=== Problem description ===
Repeat all the data exactly, and where a record holds a picture, leave that picture out.
>>>
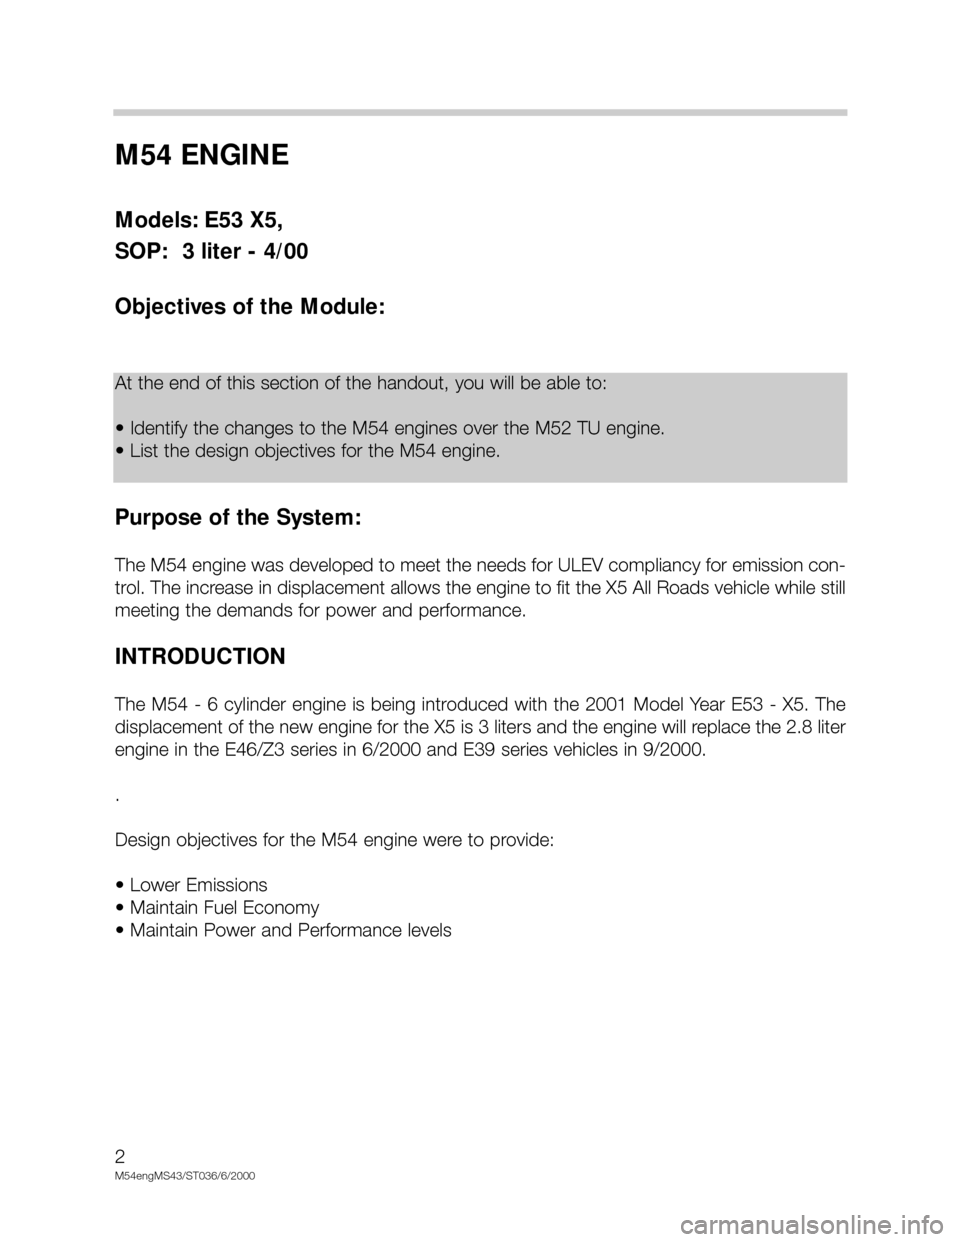 BMW X5 2006 E53 M54 Engine Workshop Manual M54 ENGINE 
Models: E53 X5, 
SOP:  3 liter - 4/00
Objectives of the Module:
Purpose of the System:
The M54 engine was developed to meet the needs for ULEV compliancy for emission con-
trol. The increa
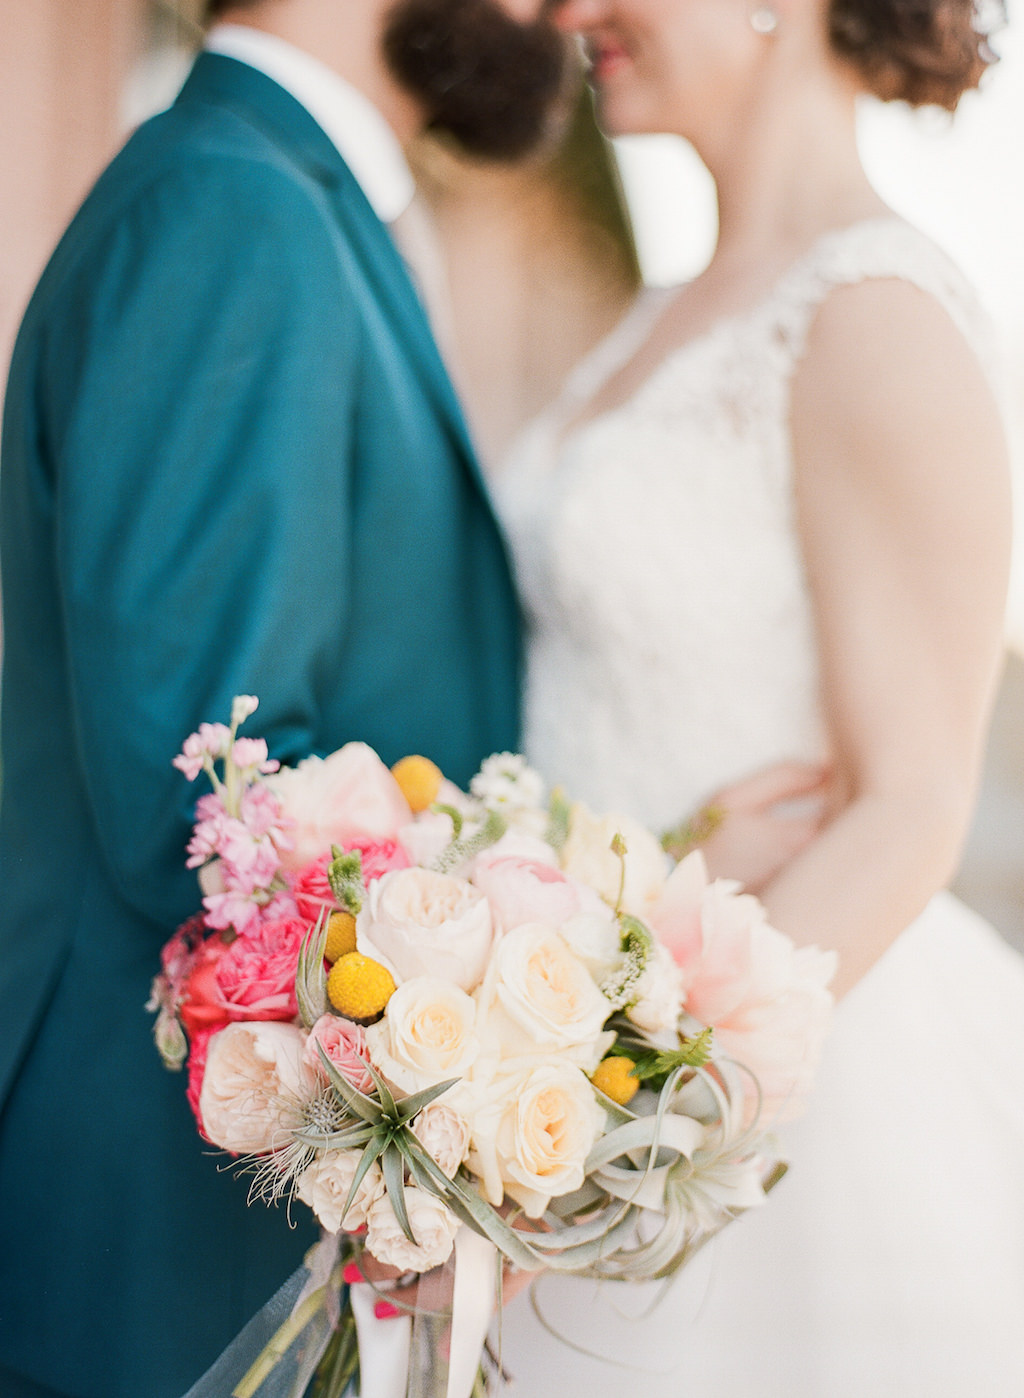 Bride and Groom Outdoor Wedding Portrait, Bride with Cream Rose, Blush Pink, Coral and Yellow Flower with Greenery Bouquet, Groom in Teal Suit
<<<
=== Worked solution ===
 BMW X5 2006 E53 M54 Engine Workshop Manual M54 ENGINE 
Models: E53 X5, 
SOP:  3 liter - 4/00
Objectives of the Module:
Purpose of the System:
The M54 engine was developed to meet the needs for ULEV compliancy for emission con-
trol. The increa
 Bride and Groom Outdoor Wedding Portrait, Bride with Cream Rose, Blush Pink, Coral and Yellow Flower with Greenery Bouquet, Groom in Teal Suit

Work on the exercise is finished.